Now, how would you apply this, for example, to a recent government situation I encountered. Industry leaders were complaining that a particular government agency was using its power to do pay-backs to political enemies (in the industry) while concurrently allowing more obvious violations and potential fraud to go unchecked.
Try this one on (and apologies if you haven't seen one of my favorite cult classics---Airplane). "This department is operating a lot like the security checkpoint in the movie Airplane. The shuffling, dottering granny is slammed up against the wall for a rude, forceful search while terrorists with AK-47s, submachine guns, and full clips are allowed to pass through unchecked."
We can all intellectually argue whether or not the comparison is true. We can debate the merits for weeks. But that is not the effect this gives. If you have seen the movie, you immediately recall the scene. The memorable picture plants itself so deeply in your mind that you really don't care if the comparison is true or not. It is too vivid to be supplanted by mere debate and reasoning. It has vaulted completely over your intellectual grid and "branded" itself, almost satirically, in your mind. It's a real challenge, next to impossible, to craft a comeback for that one.
It's Hard to Un-Ring the Bell
One more example from the past. We covered the presidential campaign of Gary Hart back in my reporter days. I sat through enough speeches to almost memorize them. I could lip sync many of the lines. To his credit, Hart actually did have some very revolutionary and enterprising ideas that were worthy of at least consideration and debate, but political rally speeches were never the format to fully explain them. (He did have that chance in what he termed "chalk talks" with smaller groups occasionally, but they never made national news). In one of the debates, Walter Mondale used a comparison that fully exploited the A, S, & M theory.
His intent was to discredit Hart's "ideas" that were one of his major campaign planks. I don't recall the word-for-word quote, but it went something like this: "When I hear all this talk about your "ideas" it reminds me of the fast food commercial (in which actress Clara Peller slammed her fist down and yelled) Where's the beef?"

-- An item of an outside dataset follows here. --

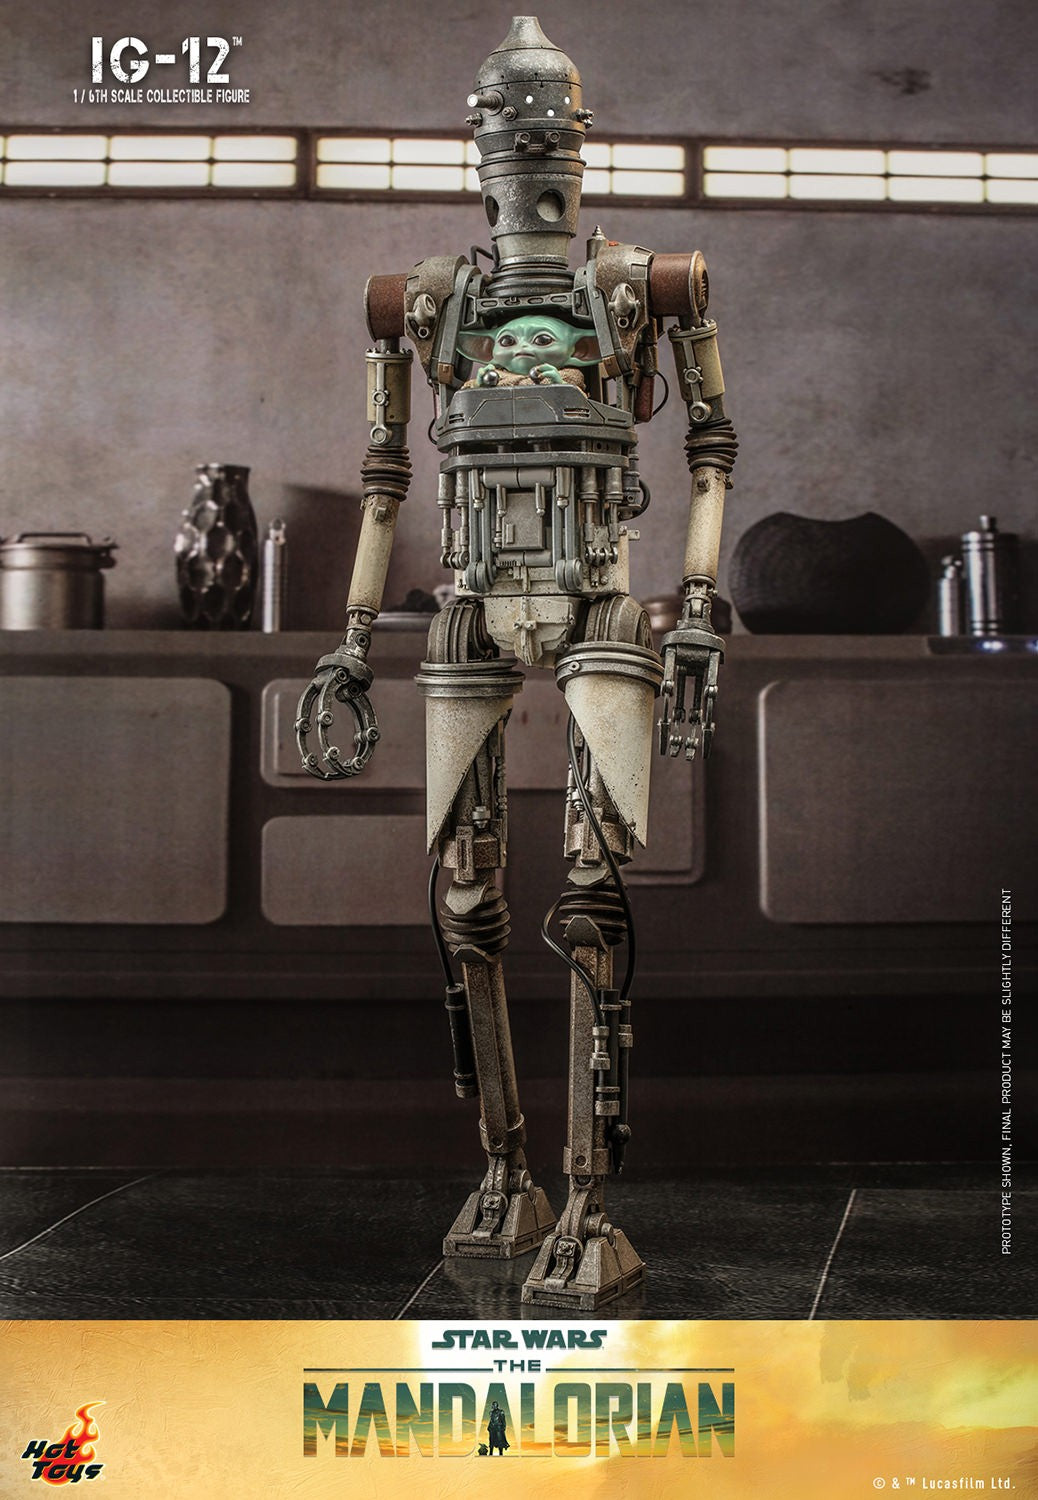 IG-12: With Accessories: Star Wars: The Mandalorian: Hot Toys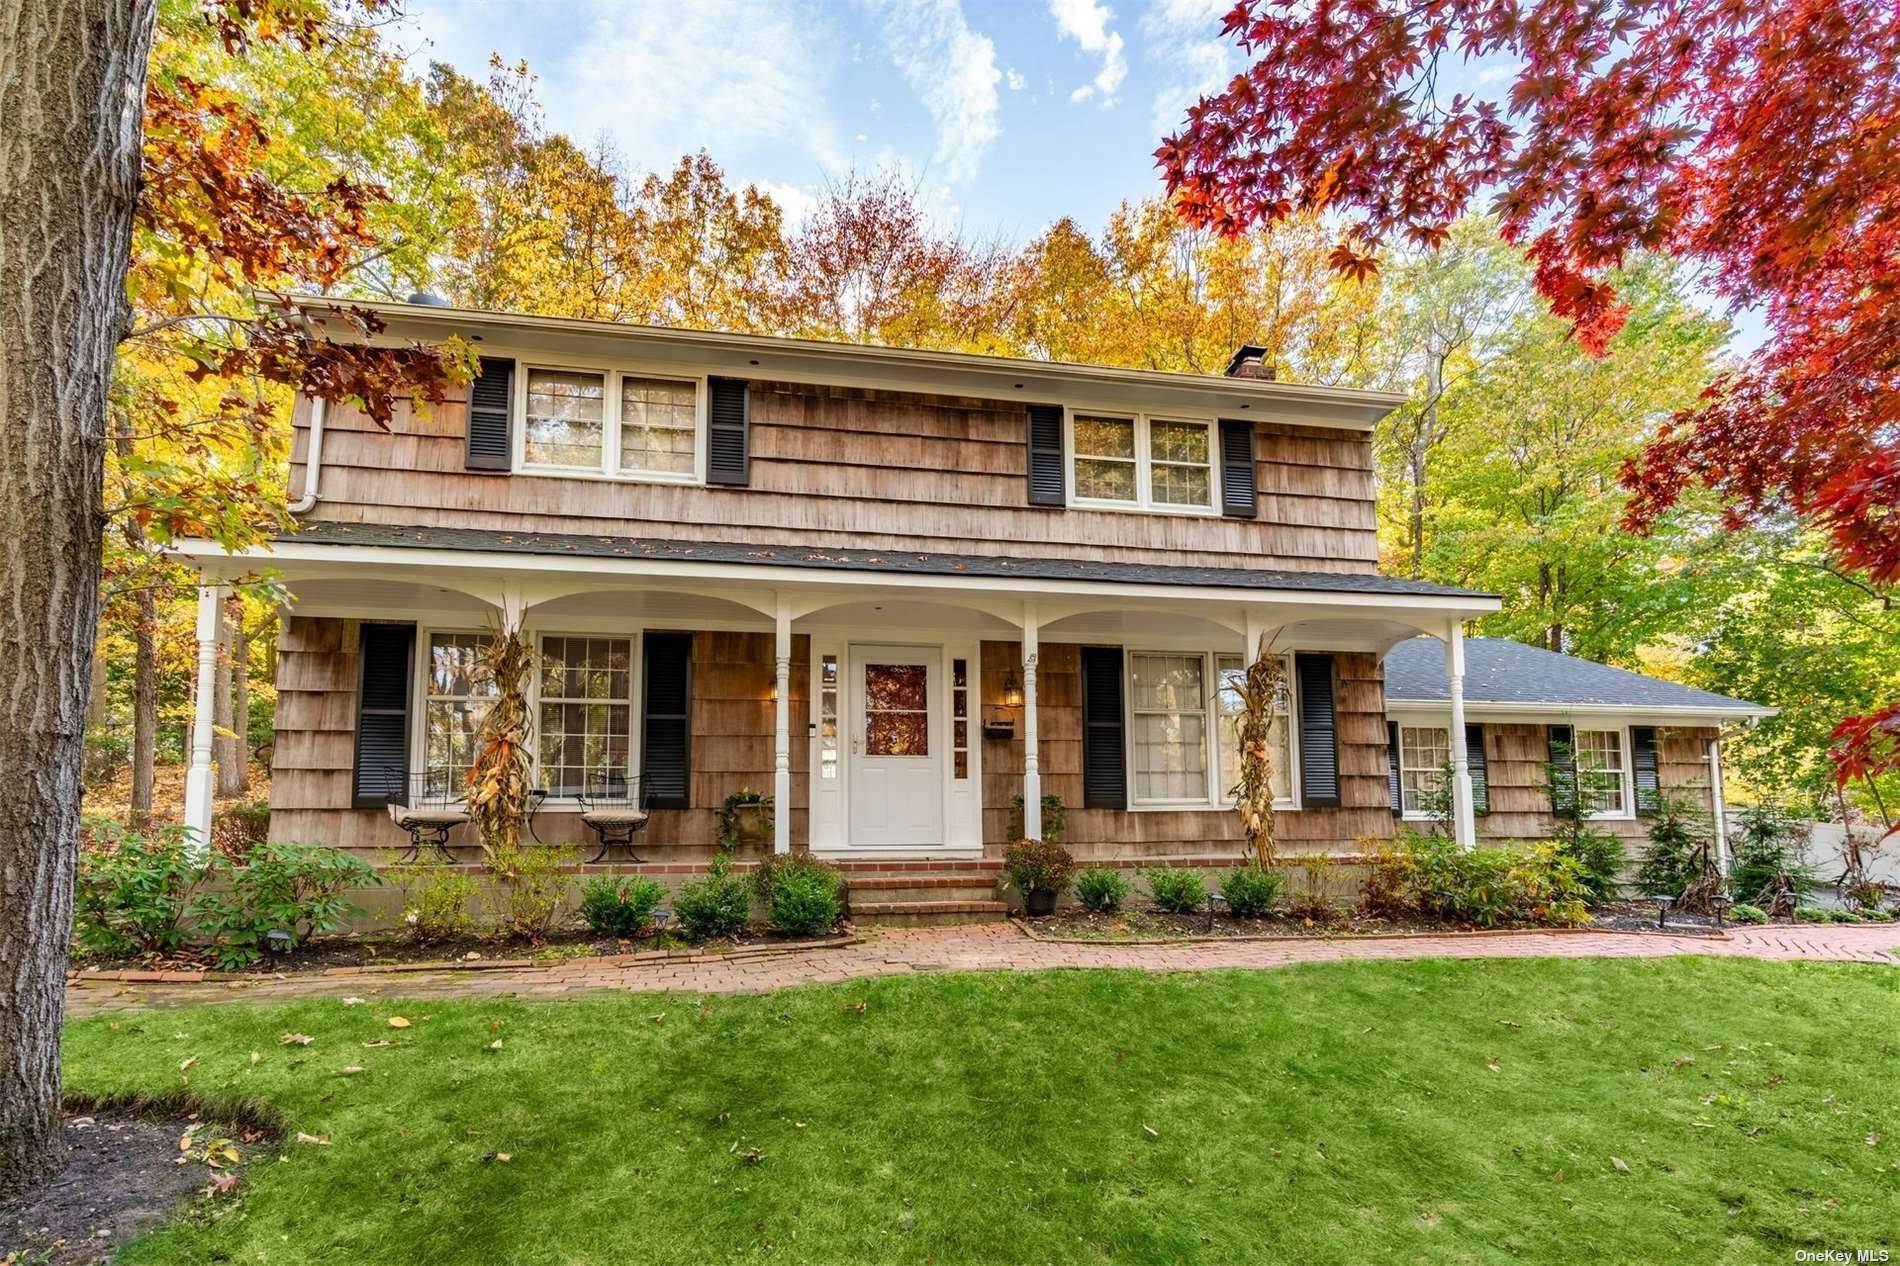 Imagine living in this 4 bedroom 3 full bath custom renovated Colonial home with winter water views and a walk distance to Port Jefferson Village.

It put the audience in stitches and negated almost everything that was said afterward. In all fairness, it was not, intellectually, a valid point, but that line alone literally neutralized that campaign plank by itself. And by the way, it was one of the most remembered and effective lines of the campaign. Shouldn't have been, but it stuck.
Takeaway point: If you are in a difficult argument, or debate and want to disarm the opposition, brainstorm with your team to come up with analogies, similes or metaphors that are so effective, there is little comeback. For better or worse, you will find them extraordinarily potent.